> **BRIEF**
From the data below, please reproduce exactly everything from the line that contains "Tennis ITF Tournaments" down to the line that contains "Сапоги мужские М-018 размер 44 цвет чёрный", with both ends included.

> **DATA SHOWN**
━━━━━━━━━━━━━━━━━━━━━━━━━━━━━━

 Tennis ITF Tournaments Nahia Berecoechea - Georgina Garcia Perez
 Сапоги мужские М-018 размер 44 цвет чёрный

━━━━━━━━━━━━━━━━━━━━━━━━━━━━━━

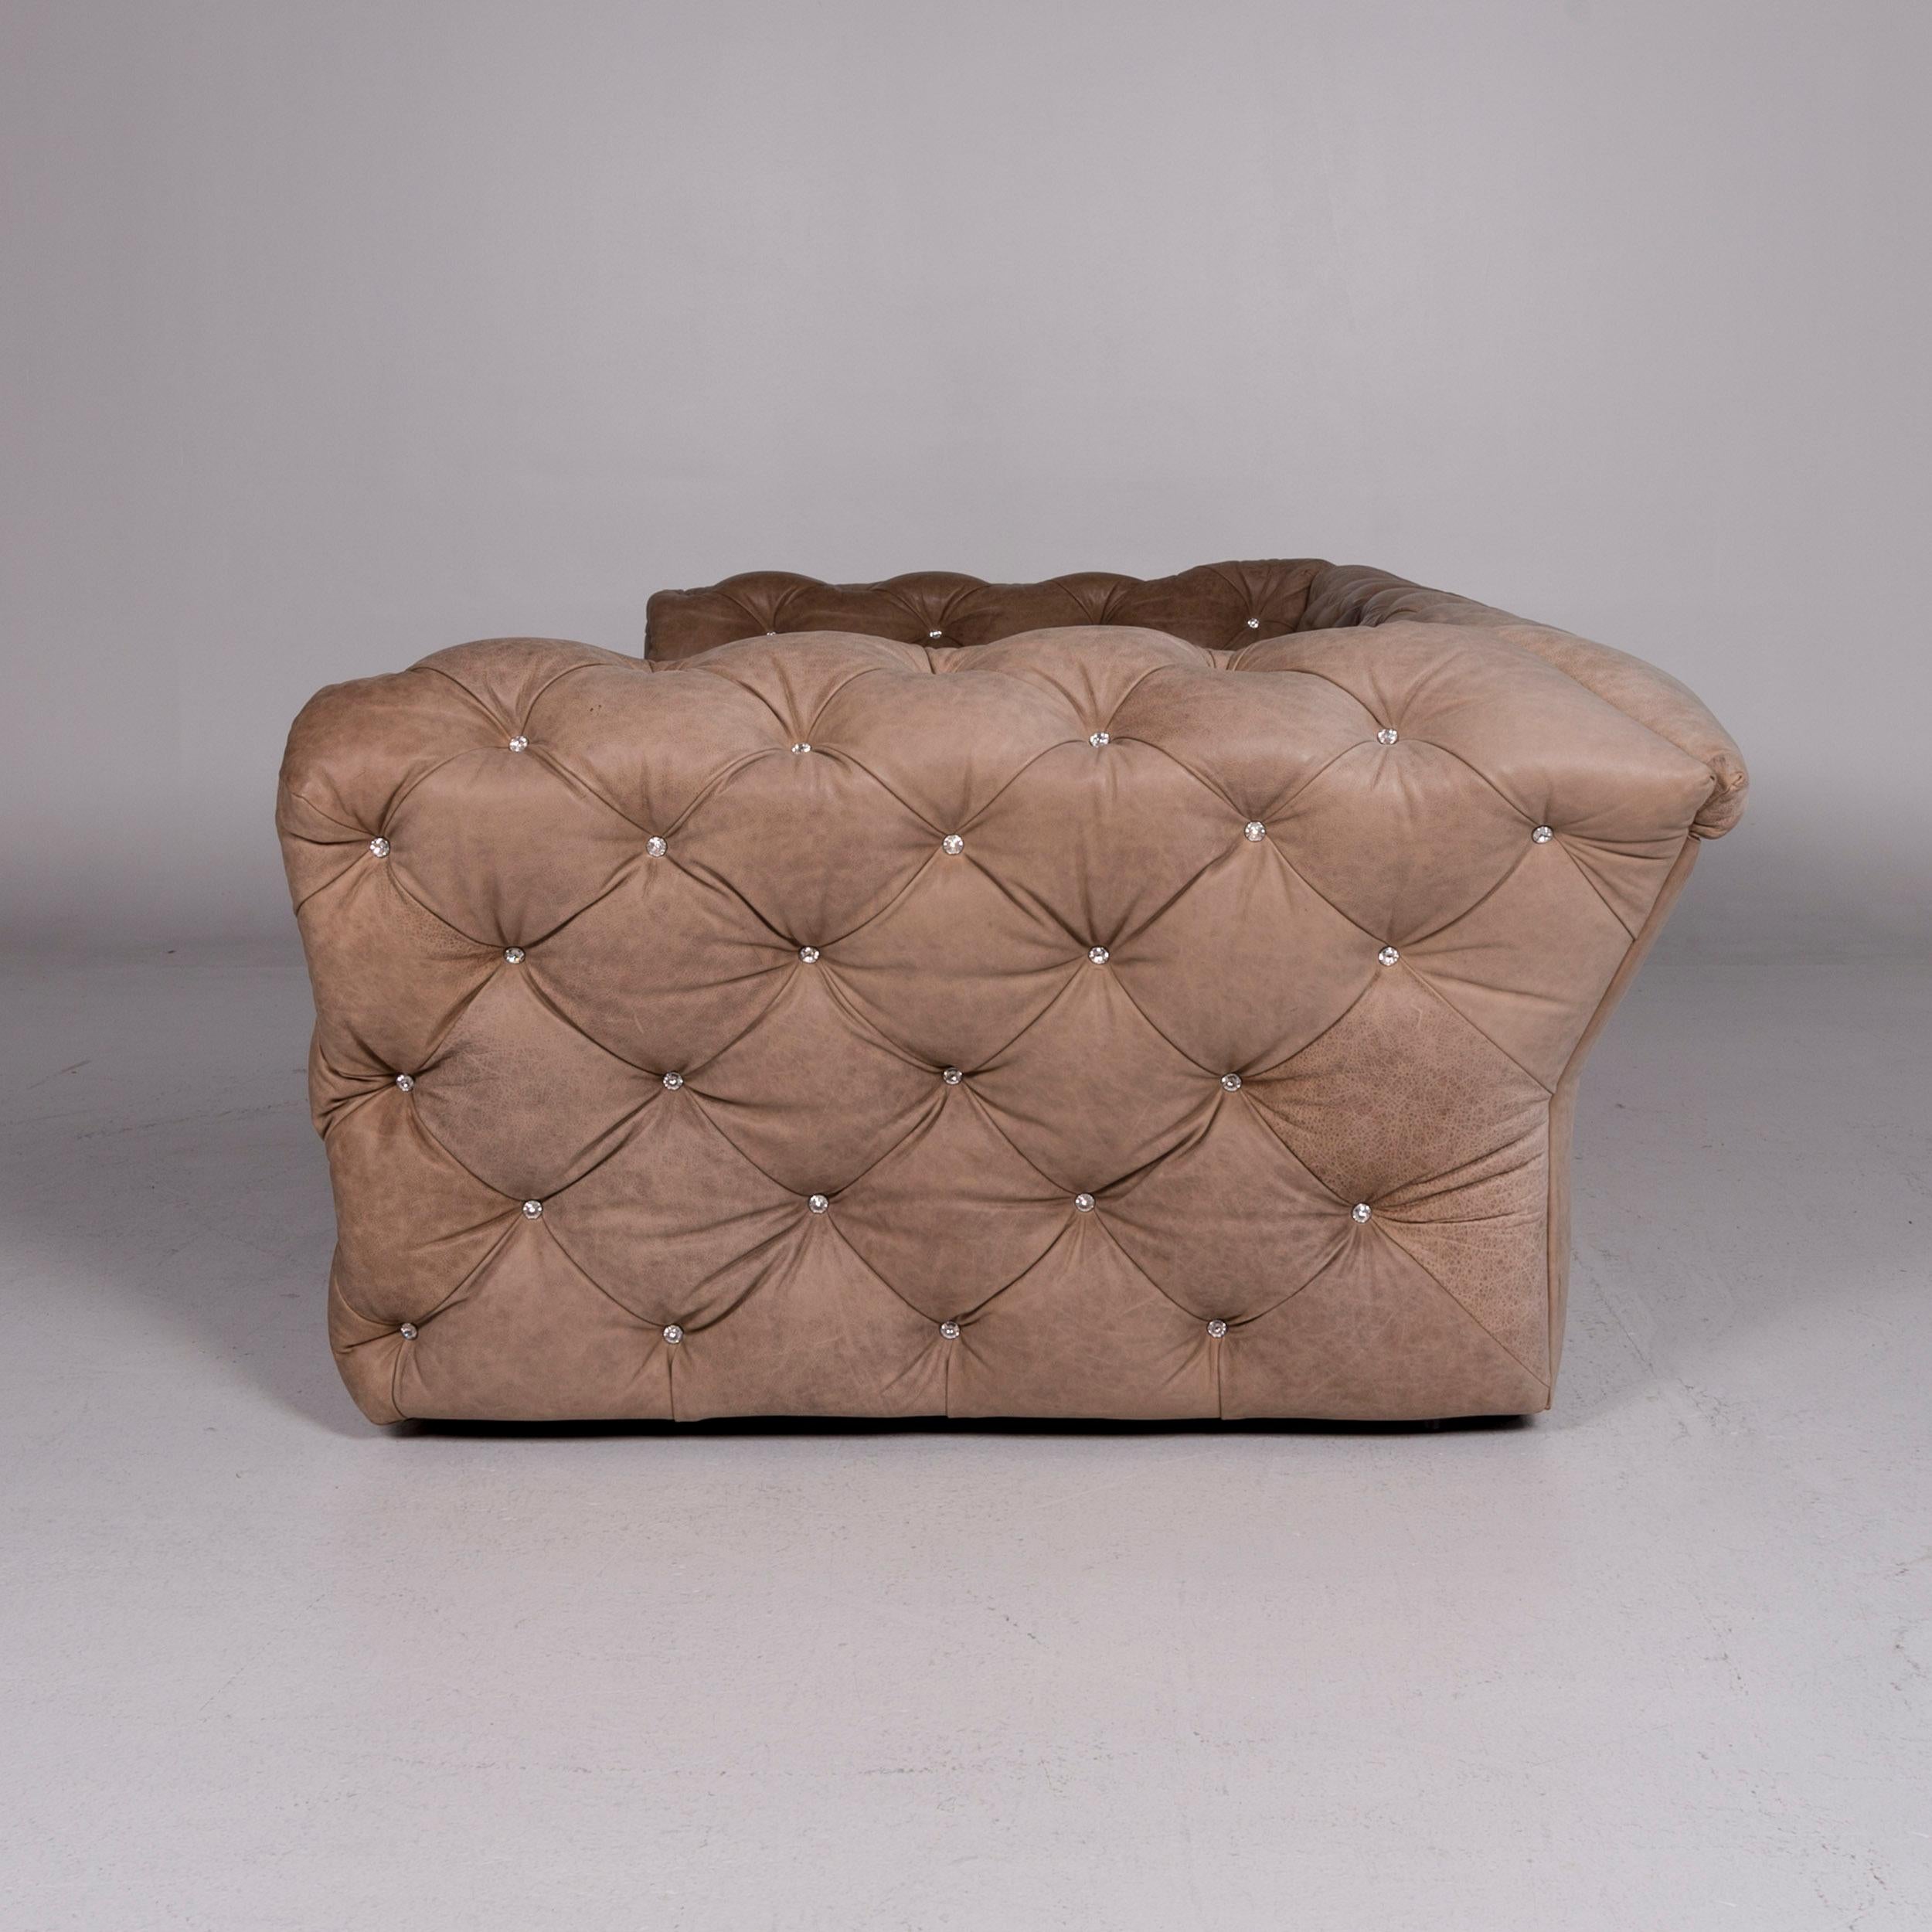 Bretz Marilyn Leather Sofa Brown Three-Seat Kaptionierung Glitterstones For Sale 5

━━━━━━━━━━━━━━━━━━━━━━━━━━━━━━

> **REPLY**
 Tennis ITF Tournaments Nahia Berecoechea - Georgina Garcia Perez
 Сапоги мужские М-018 размер 44 цвет чёрный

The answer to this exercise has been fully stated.